Narration for this slide

Let's look at a real defect log. This is from an executed run in this school's own repository: one section, three iterations. The type check caught a real runtime bug. The token audit caught eleven hardcoded colours. Then the human checks took over: a fixed-width wrapper that would break on phones, a link with no accessible name, a heading-level problem — and the most interesting one, card titles that were not headings at all, which no automated check flagged. Automated gates caught two of seven defect classes. The point of logging by stage is what you do next: recurring colour violations mean tighten the harness, not review harder. Measurement tells you which stage owns the fix.

Slide 9 of 1316:9

Partial automation: which stages run unattended

The question is not whether the pipeline can run unattended. It is which stages are safe to, and which evidence the unattended stages must leave behind.

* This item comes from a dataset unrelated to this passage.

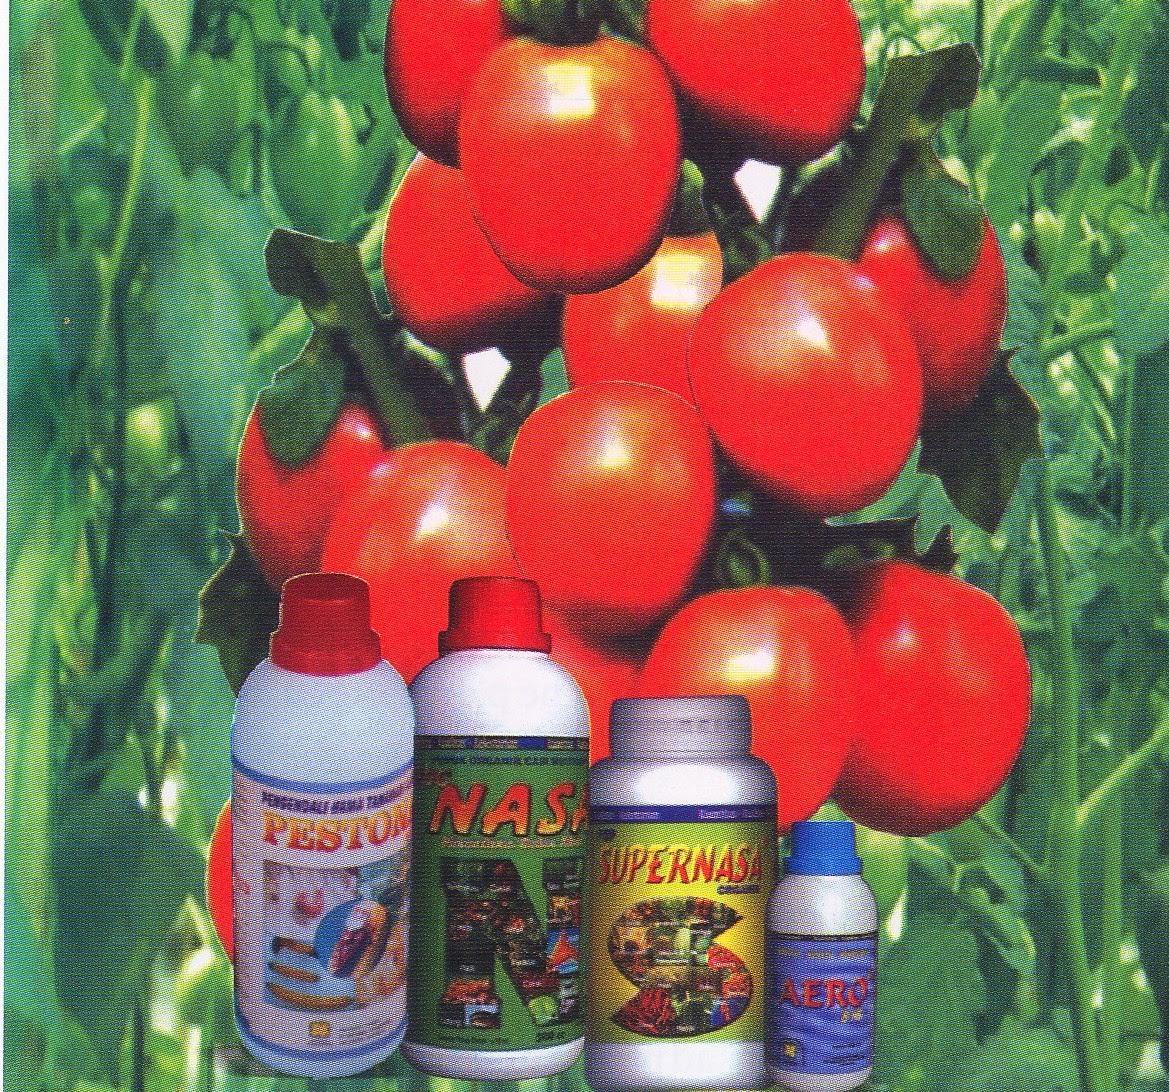 cara-budidaya-tomat-dengan-produk-nasa

  • Safe to run unattended: token and component resolution, generation on a branch, every executable check, evidence capture
  • Never unattended: the artifact going in, severity judgments, accepted findings, the merge
  • Unattended stages must leave evidence: check output, screenshots, and a report of what was flagged
  • CI is the natural home for the automated gates — budget assertions that fail the build, not reports nobody reads
  • Scope decides eligibility: content sections and simple surfaces, yes; checkout flows and permission screens, no

Automate the stages whose failures are cheap and detectable. Keep humans on the stages whose failures are expensive and silent.

Slide notes

Once a pipeline runs reliably with a human watching every stage, the next question is which stages can run without one. The useful dividing line is the cost and detectability of failure. Token resolution, generation on a branch, the executable checks, and evidence capture all fail cheaply and visibly: a failed audit or a missing screenshot blocks the work and tells you why. Those are safe to run unattended, and CI is their natural home — Lighthouse budgets, accessibility scans, and audits expressed as assertions that fail the build, rather than reports that depend on someone noticing. The stages that must keep a human are the ones whose failures are expensive and silent: a wrong artifact going in, a severity judgment made too generously, an accepted finding that never got written down, and the merge itself.

The condition for unattended stages is evidence. An unattended stage that leaves no artifact behind is just a gap in the pipeline with extra steps. The agent should leave the check output, the captured screenshots, and a short report of anything it flagged or could not resolve, so the human gates downstream are reviewing evidence rather than reconstructing what happened.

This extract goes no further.